Но неужели какой-то там постмодернизм способен настолько поразить восьмилетнего мальчишку? Нет, так действует лишь чудо, случившееся перед глазами юнца и сопровождаемое громом и молниями. Что же такого захватывающего было в том домике, показанном мне Лейн-Дайером? Прежде всего, исключительная детализация. Резные медные дверные ручки величиной с кукурузное зернышко, разноцветные или тонированные стекла окон, медный флюгер, похожий на собаку с висящей в студии фотографии.

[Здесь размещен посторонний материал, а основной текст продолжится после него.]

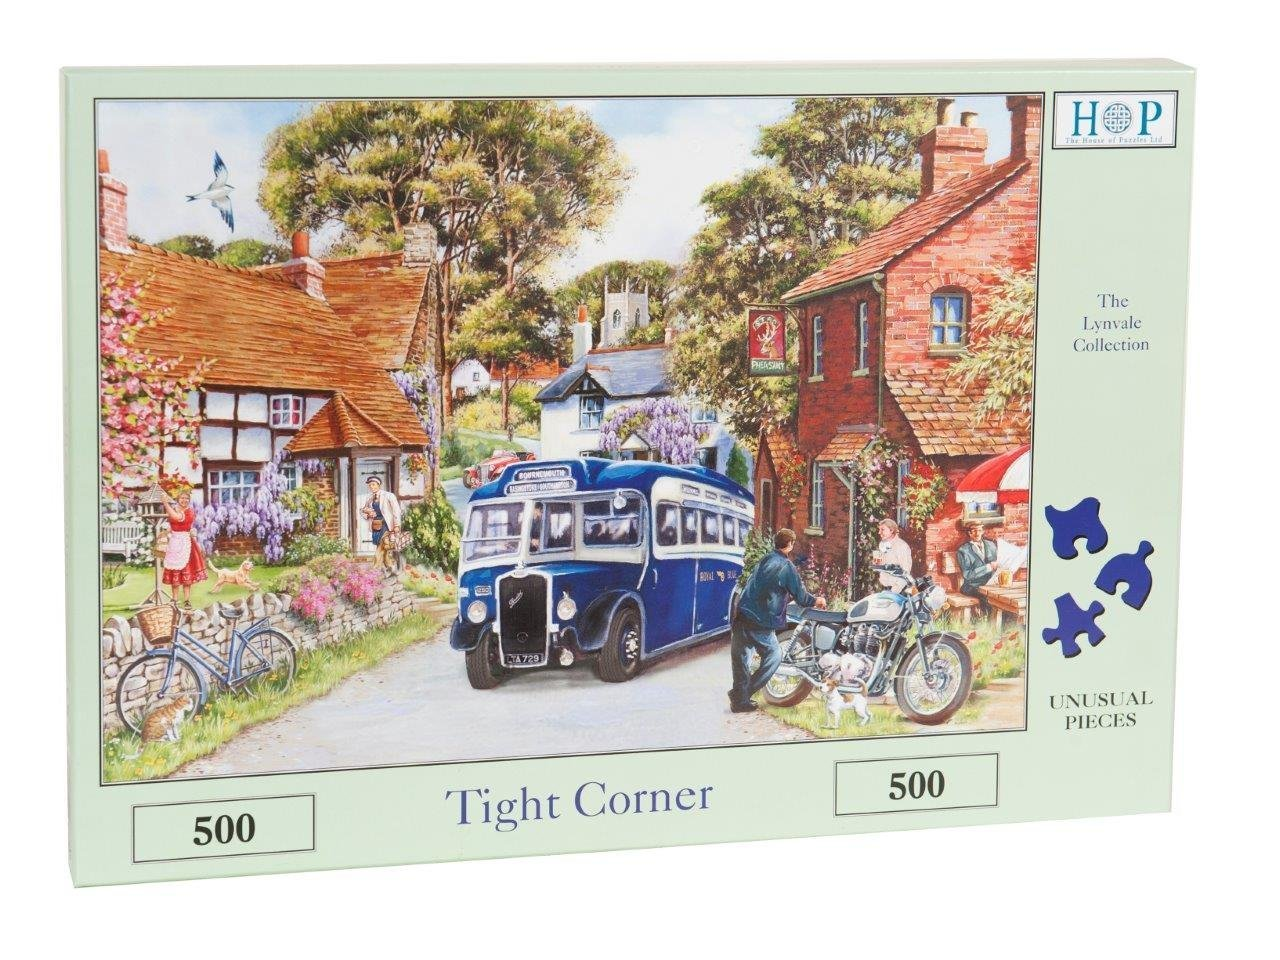 tight-corner-500-pc-jigsaw-puzzle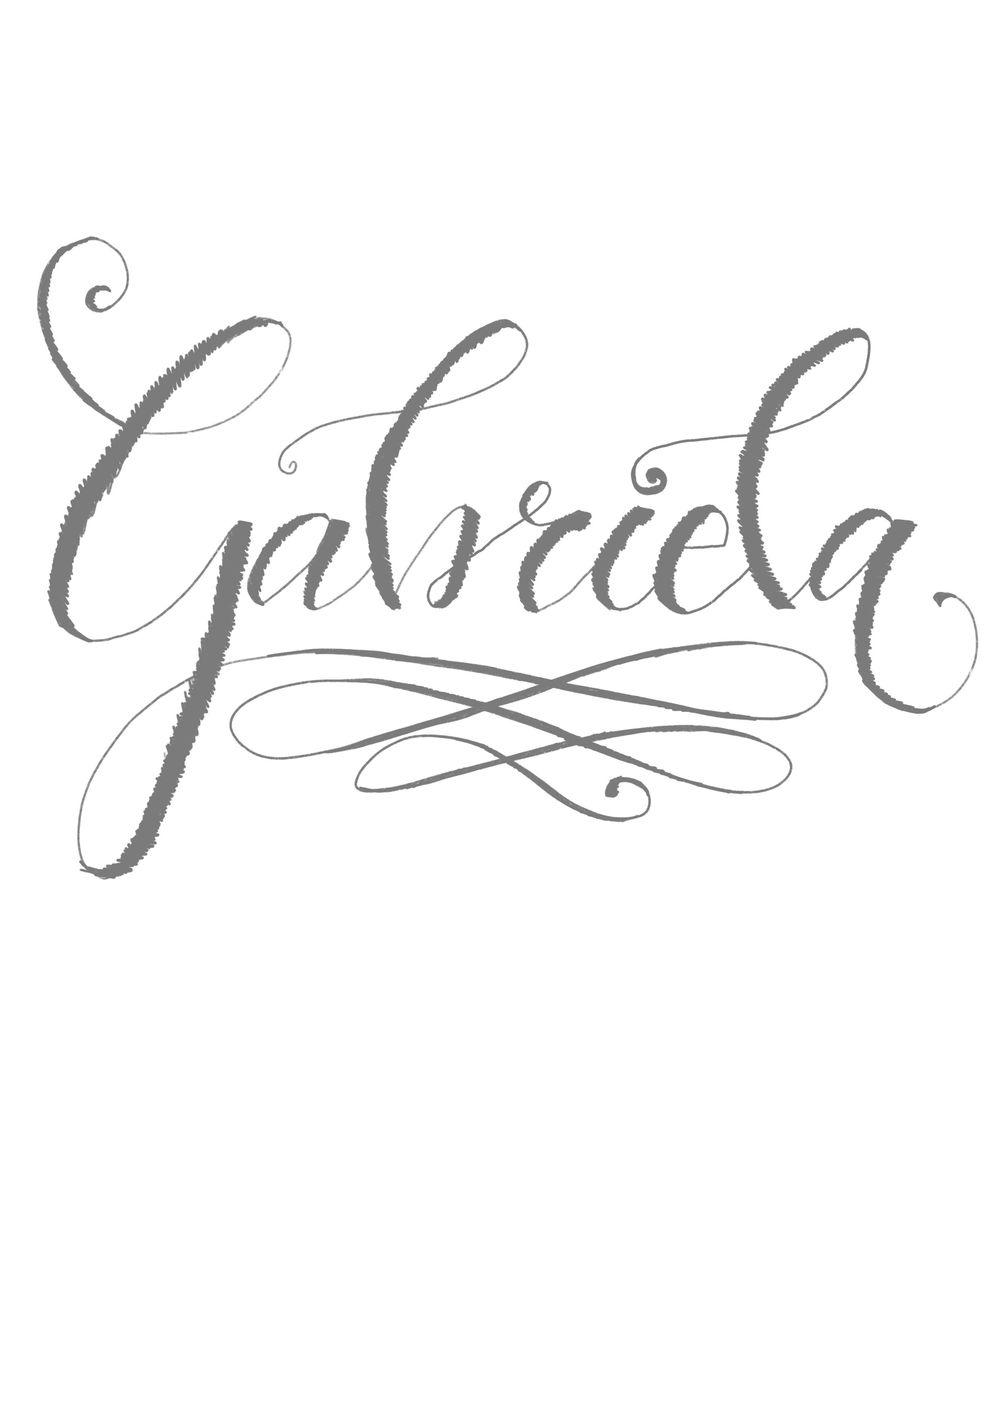 Gabriela - image 4 - student project

Чем более законченной является вещь, тем она убедительнее. Сколько же времени ушло на создание этого дома? Ведь на то время — на часы? на дни? — остановился чей-то мир, пока его обитатель трудился над своим произведением. И результат убеждал нас в том, что вещь может быть доведена до конца, до совершенства и именно мы — а не Бог, не судьба — решаем, что она закончена.
   Я как зачарованный бродил вокруг, и все, к чему я прикасался, было либо удивительно красивым, либо просто очень надежным. И лишь одну странность заметил я: с одной стороны отсутствовала часть крыши, так что создавалось впечатление, будто одна из комнат верхнего этажа еще не закончена. В общем, это больше походило на вид дома в разрезе, из тех, что встречаются в журналах типа «построй сам».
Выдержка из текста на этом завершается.